## WHAT YOU ARE ASKED TO DO:
From the entries below, write out exactly the lines between the line holding "Tender confident good-looking" and the line holding "Pot of cactus plant on seat of chair", inclusive, excluding any pictures.

## MATERIAL PROVIDED:
***
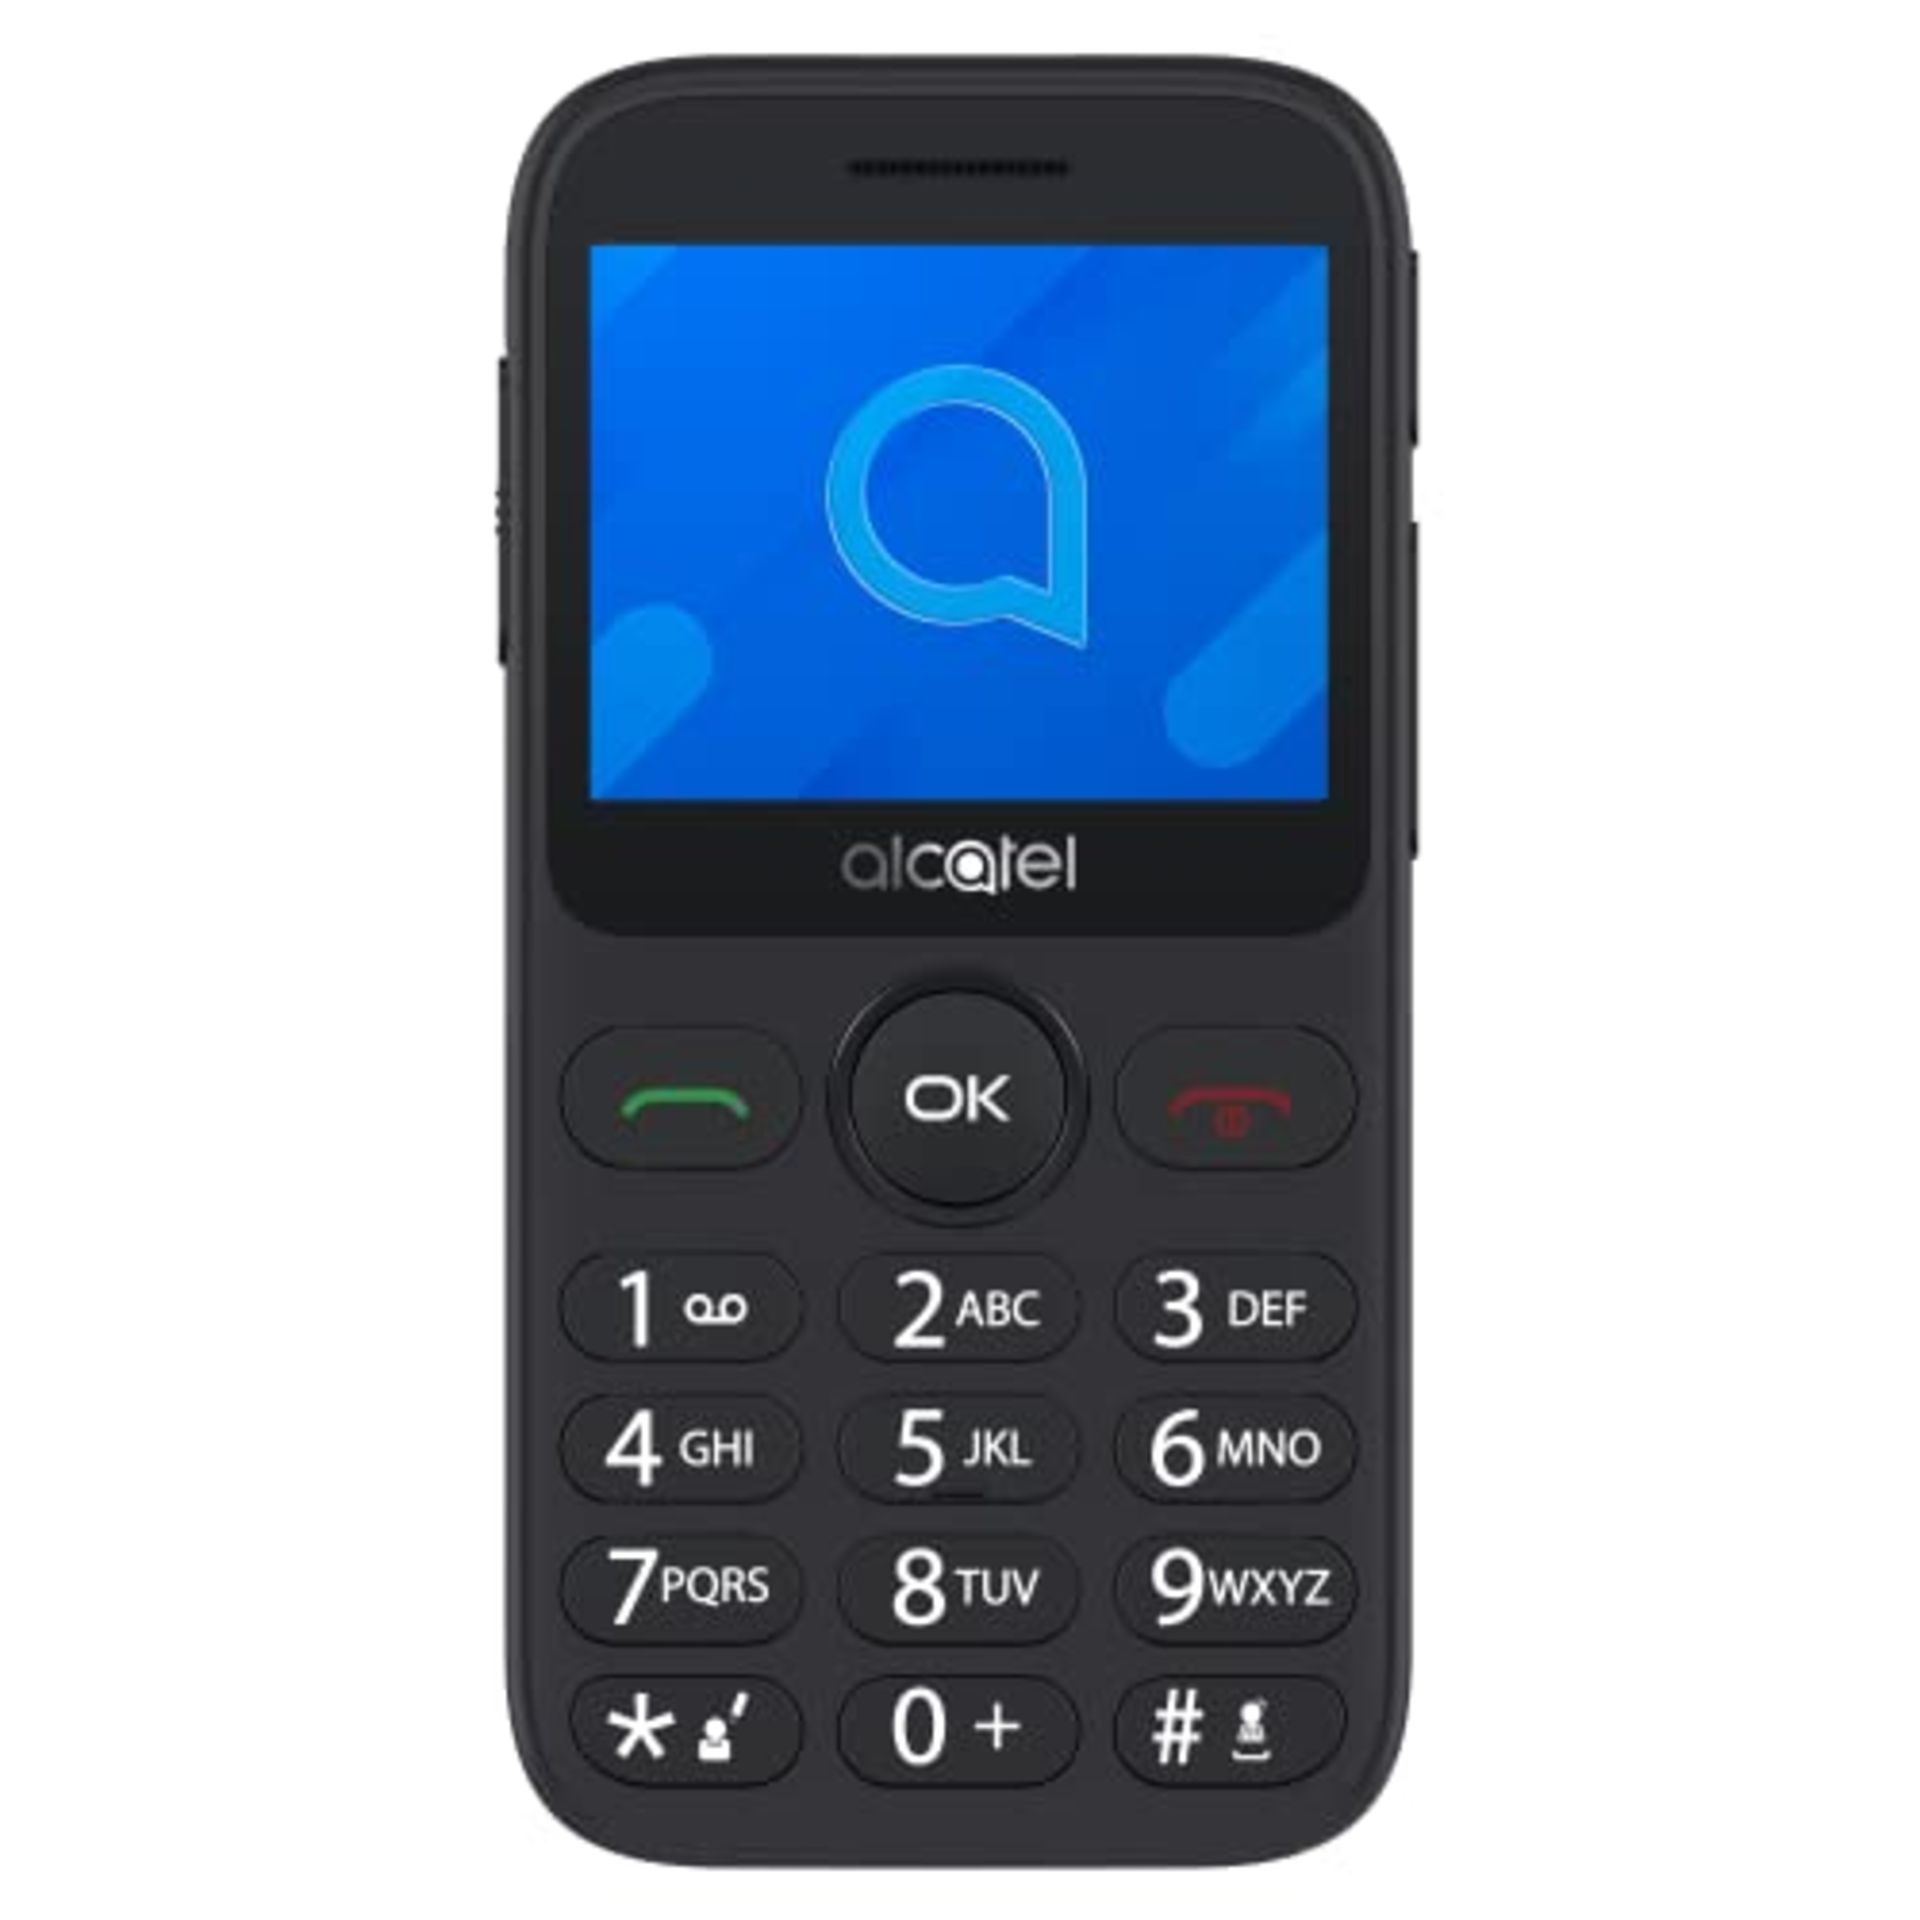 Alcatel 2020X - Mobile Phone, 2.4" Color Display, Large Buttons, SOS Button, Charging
***
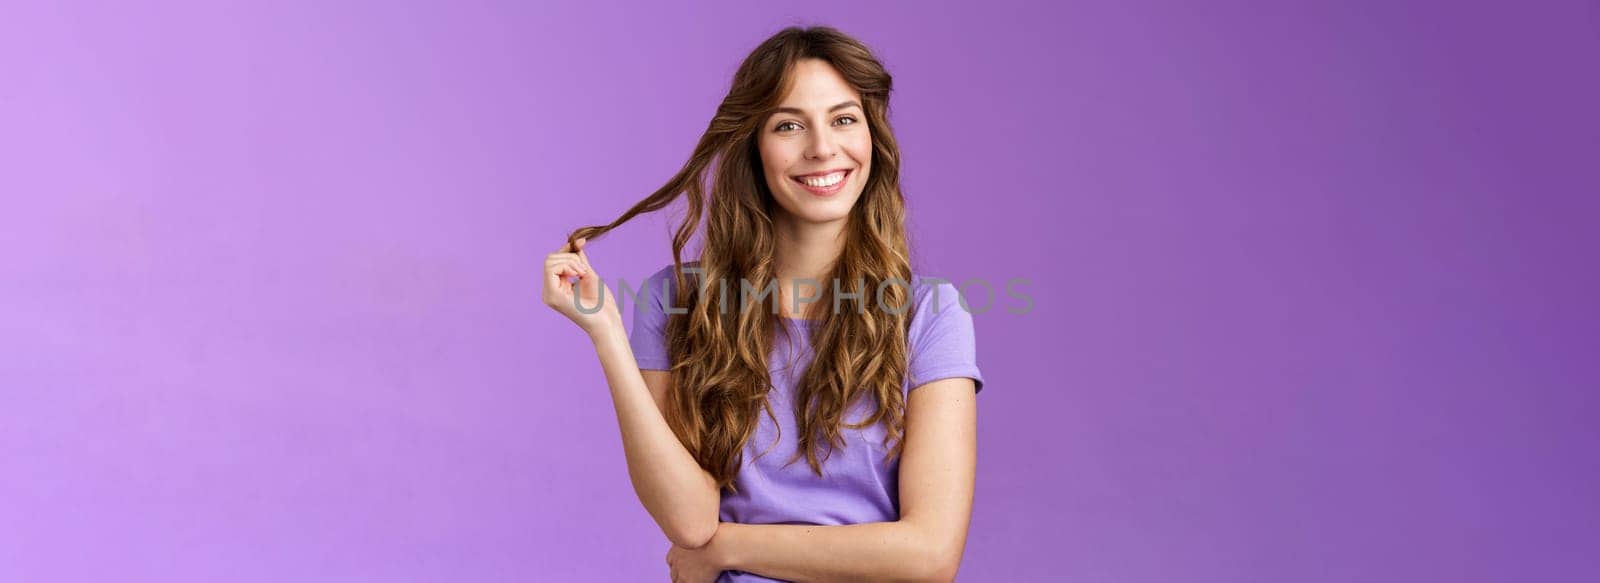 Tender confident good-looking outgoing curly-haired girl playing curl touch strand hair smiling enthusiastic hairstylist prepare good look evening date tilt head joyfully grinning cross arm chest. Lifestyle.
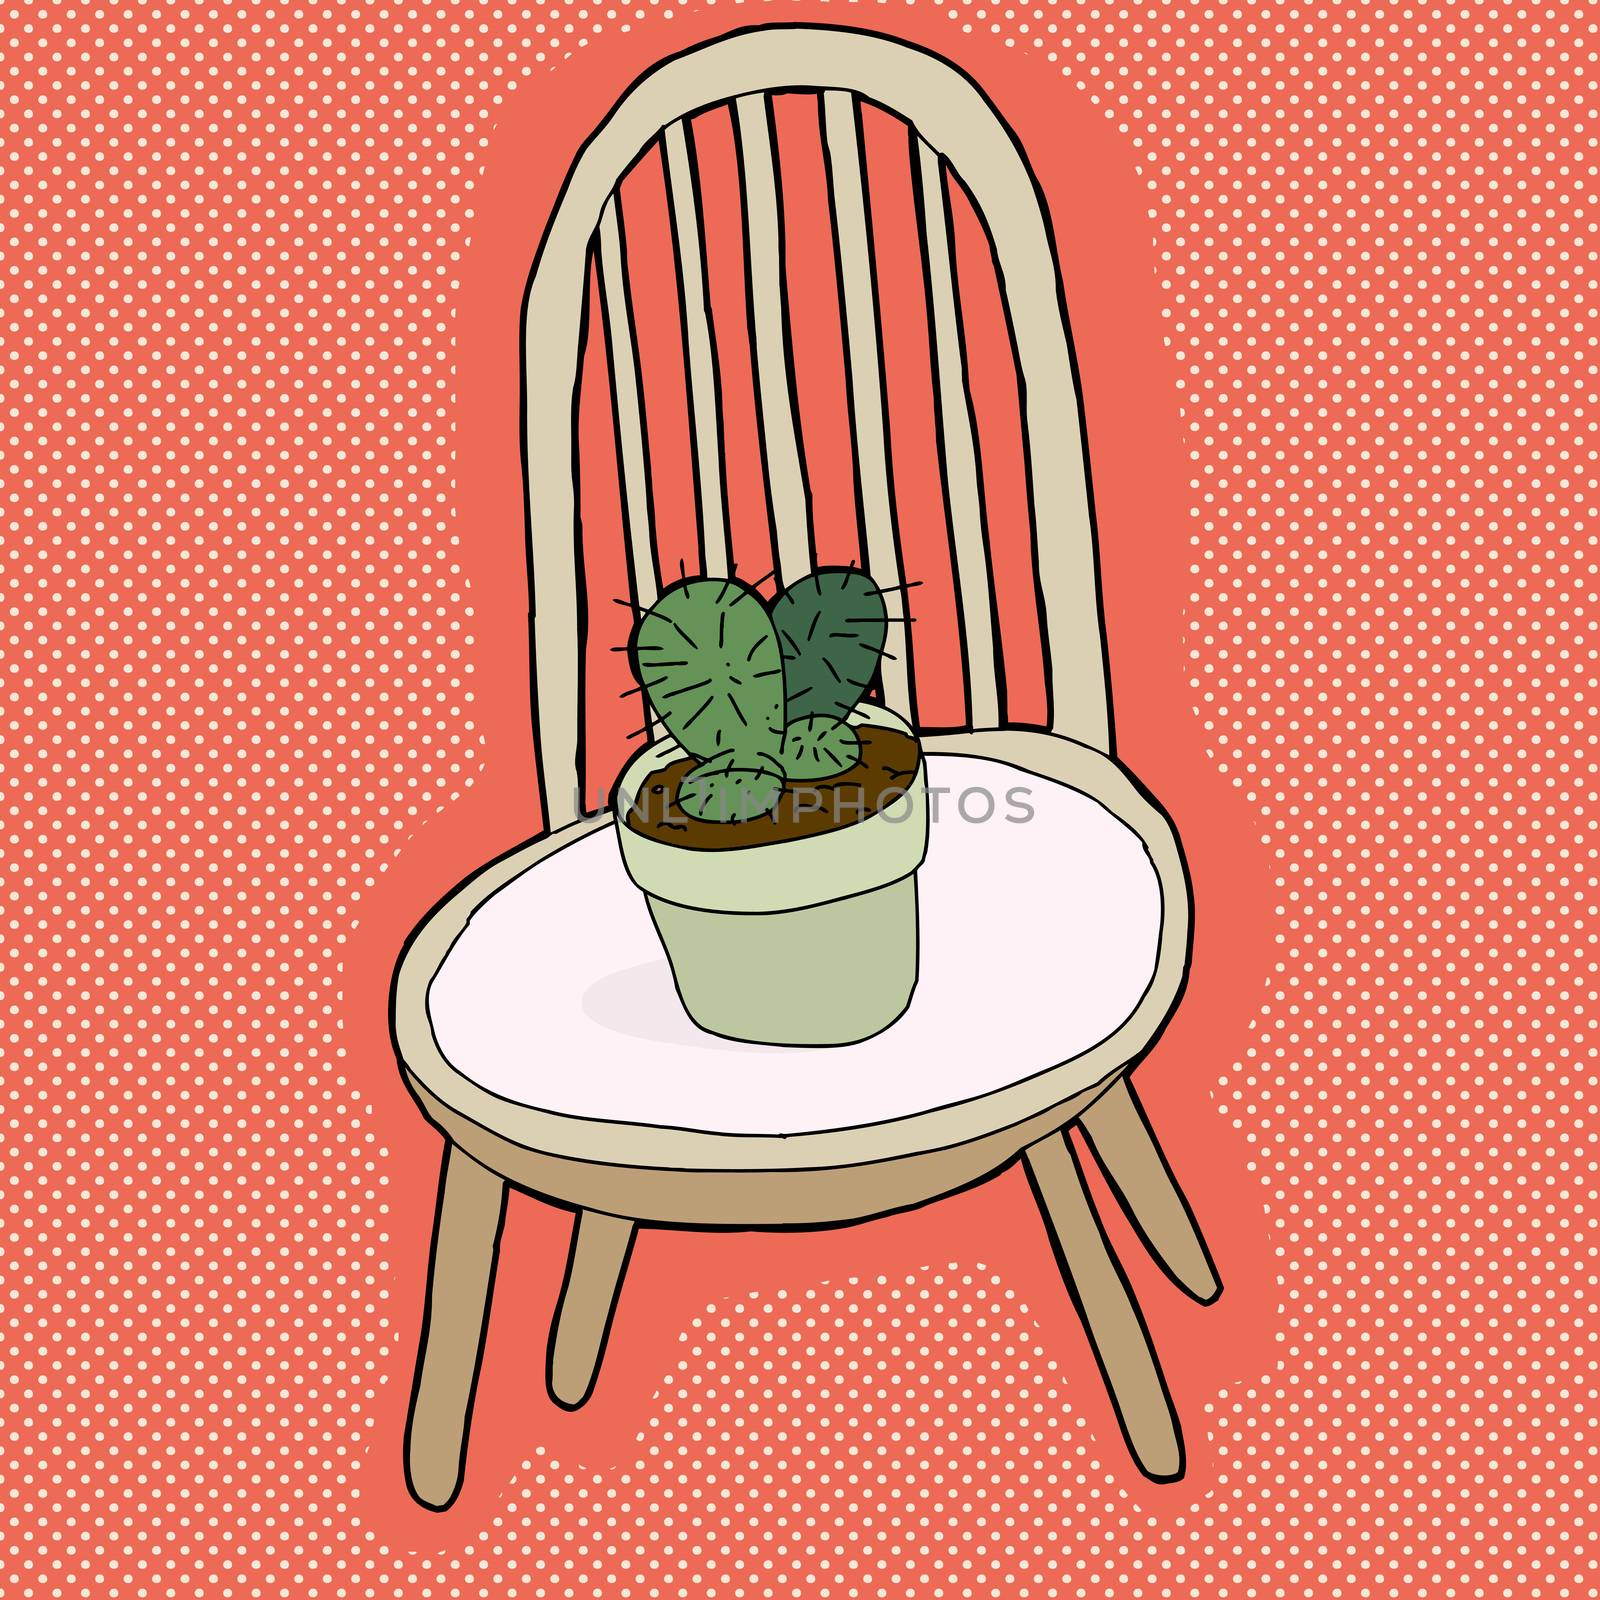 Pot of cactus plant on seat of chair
***
## EXPECTED ANSWER:
 Tender confident good-looking outgoing curly-haired girl playing curl touch strand hair smiling enthusiastic hairstylist prepare good look evening date tilt head joyfully grinning cross arm chest. Lifestyle.
 Pot of cactus plant on seat of chair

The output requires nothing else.